Here is one using recursion:

这里有一个使用递归的例子:

>>> import copy>>> def combinations(target,data):...     for i in range(len(data)):...         new_target = copy.copy(target)...         new_data = copy.copy(data)...         new_target.append(data[i])...         new_data = data[i+1:]...         print new_target...         combinations(new_target,...                      new_data)...                      ... >>> target = []>>> data = ['a','b','c','d']>>> >>> combinations(target,data)['a']['a', 'b']['a', 'b', 'c']['a', 'b', 'c', 'd']['a', 'b', 'd']['a', 'c']['a', 'c', 'd']['a', 'd']['b']['b', 'c']['b', 'c', 'd']['b', 'd']['c']['c', 'd']['d']

#5


27  

In comments under the highly upvoted answer by @Dan H, mention is made of the powerset() recipe in the itertools documentation—including one by Dan himself. However, so far no one has posted it as an answer. Since it's probably one of the better if not the best approach to the problem—and given a little encouragement from another commenter, it's shown below. The function produces all unique combinations of the list elements of every length possible.

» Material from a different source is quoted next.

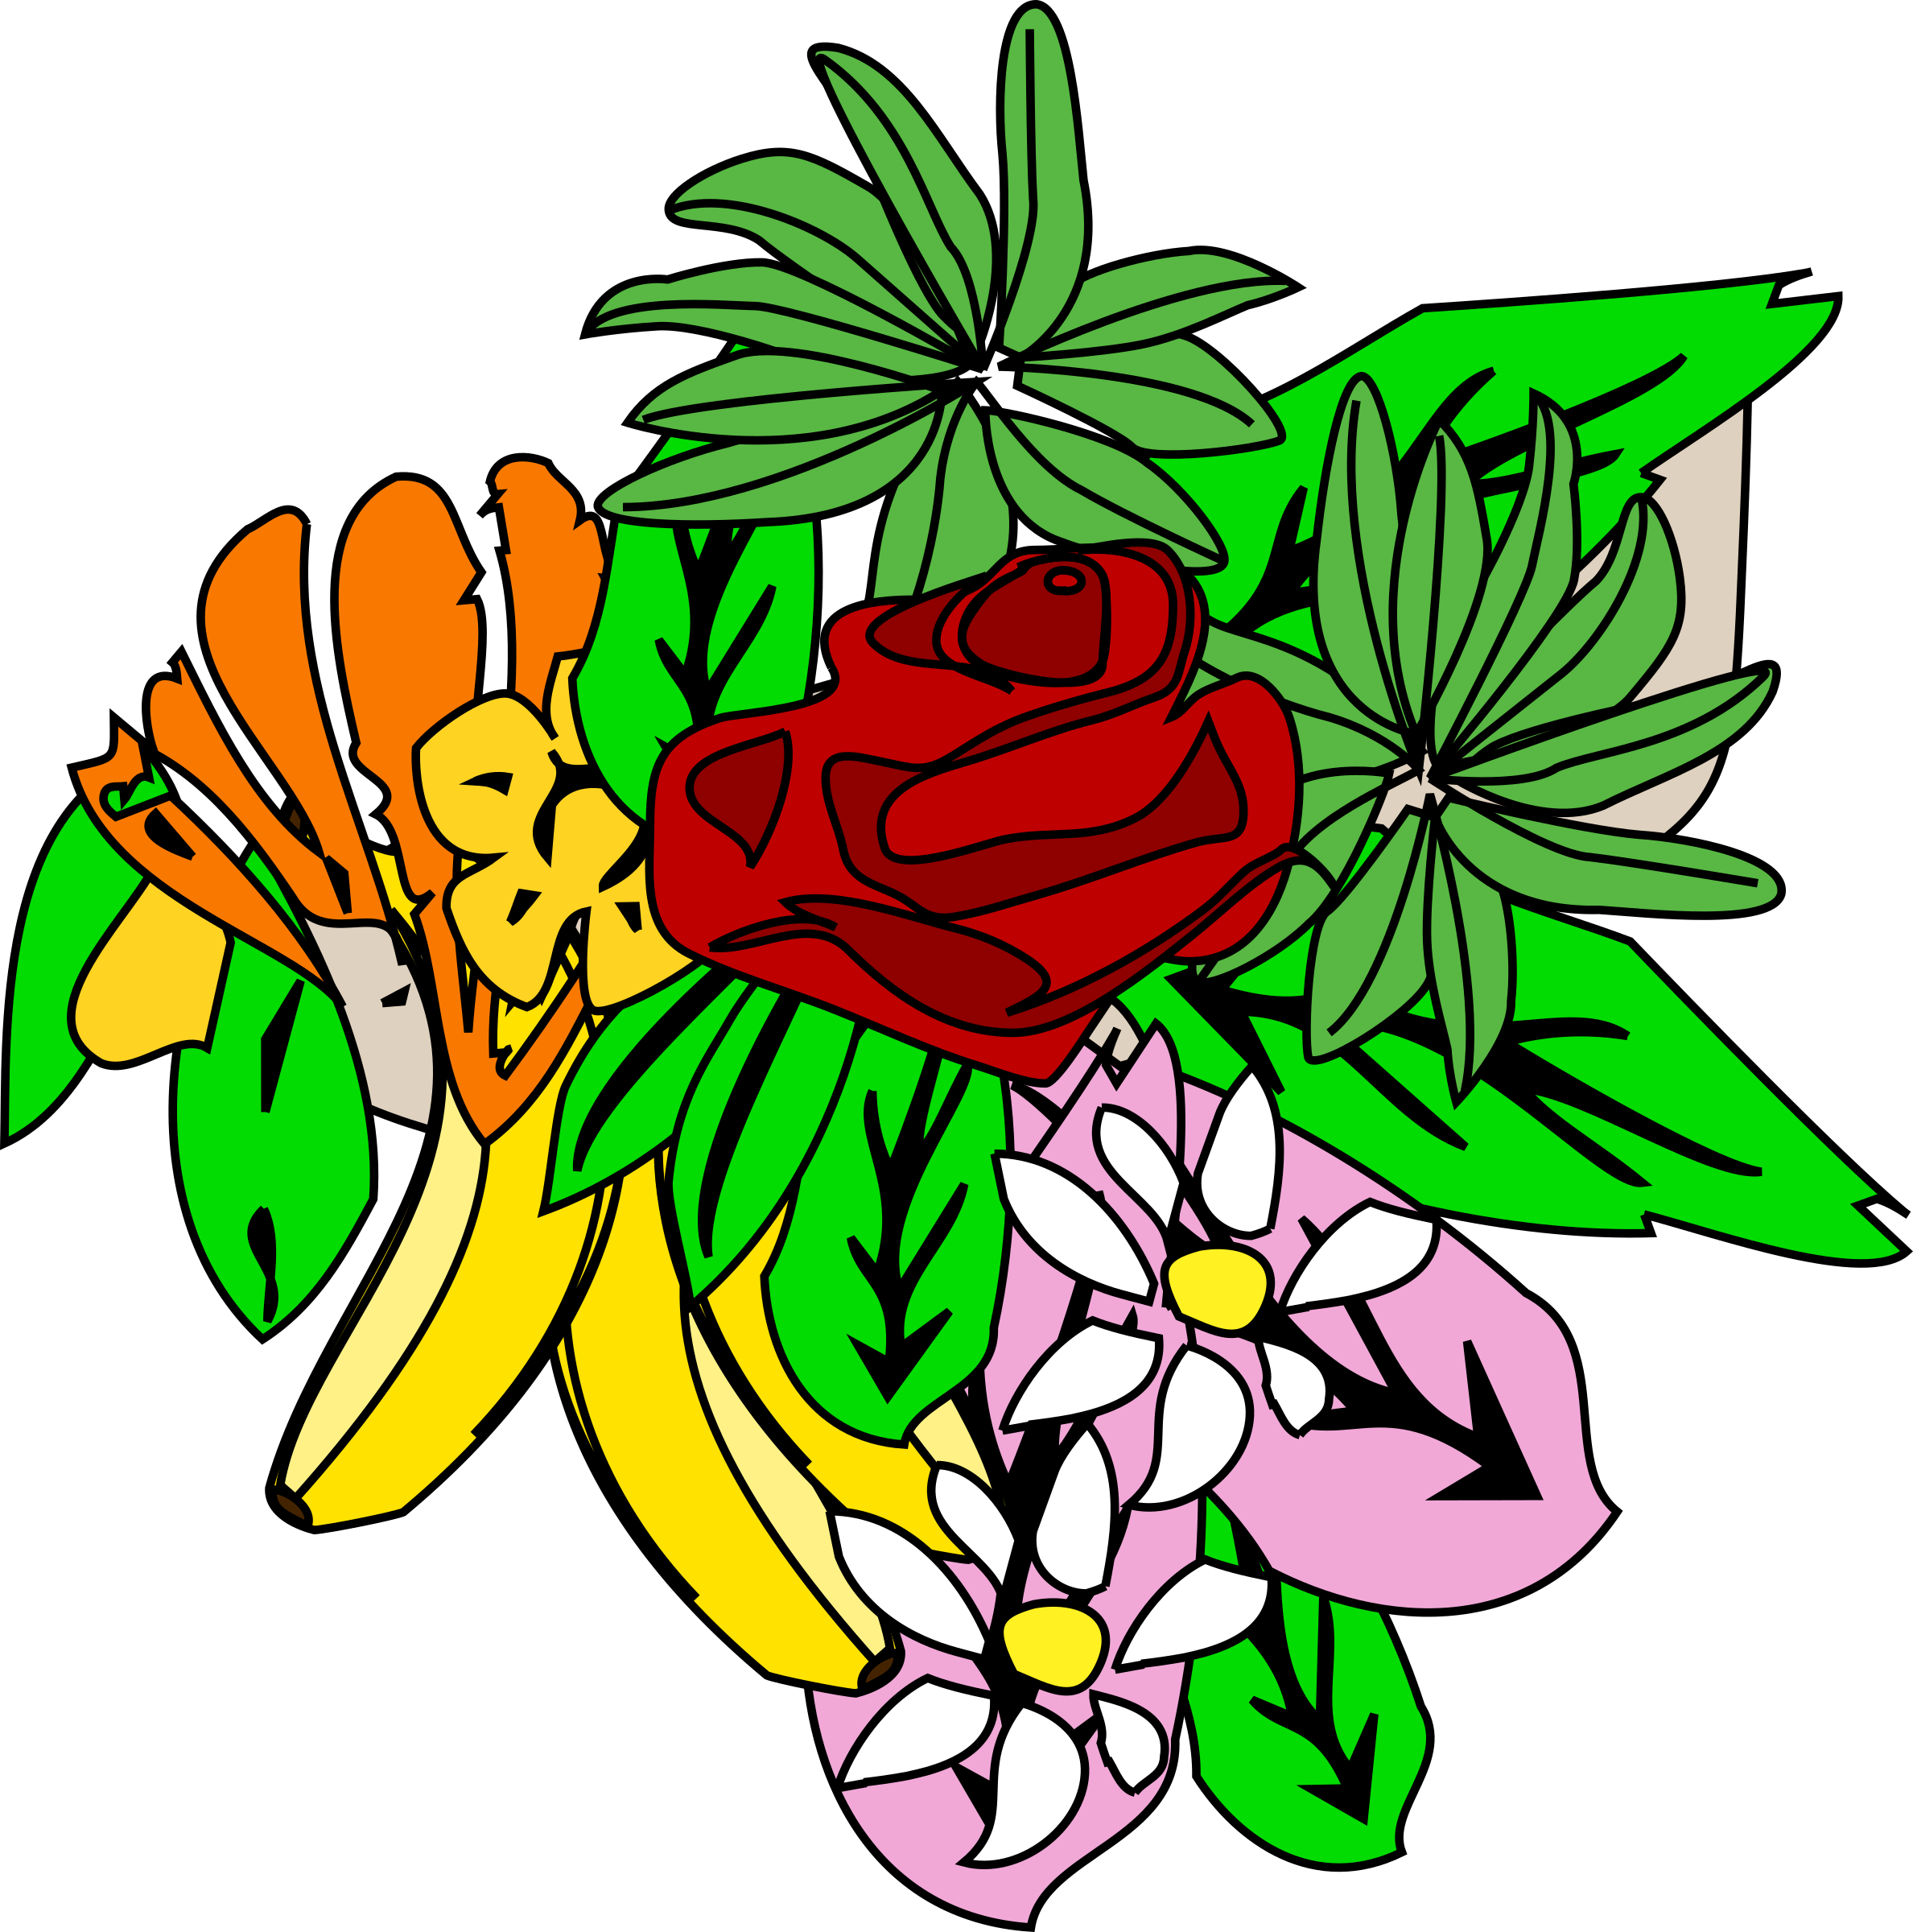 Food and flower design. Group clipart bunch

在@Dan H高度推荐的答案下面的评论中,提到了itertools文档中的powerset()配方——包括Dan自己的配方。然而,到目前为止还没有人把它作为答案。既然它可能是解决问题的最好的方法之一,而且得到了另一个评论者的一点鼓励,下面将展示它。该函数生成所有可能长度的列表元素的唯一组合。

Note: If the, subtly different, goal is to obtain only combinations of unique elements, change the line s = list(iterable) to s = list(set(iterable)) to eliminate any duplicate elements. Regardless, the fact that the iterable is ultimately turned into a list means it will work with generators (unlike several of the other answers).

注意:如果有微妙的不同,目标是只获取唯一元素的组合,将行s = list(iterable)改为s = list(set(iterable)),以消除任何重复元素。无论如何,可迭代最终变成列表的事实意味着它将与生成器一起工作(与其他几个答案不同)。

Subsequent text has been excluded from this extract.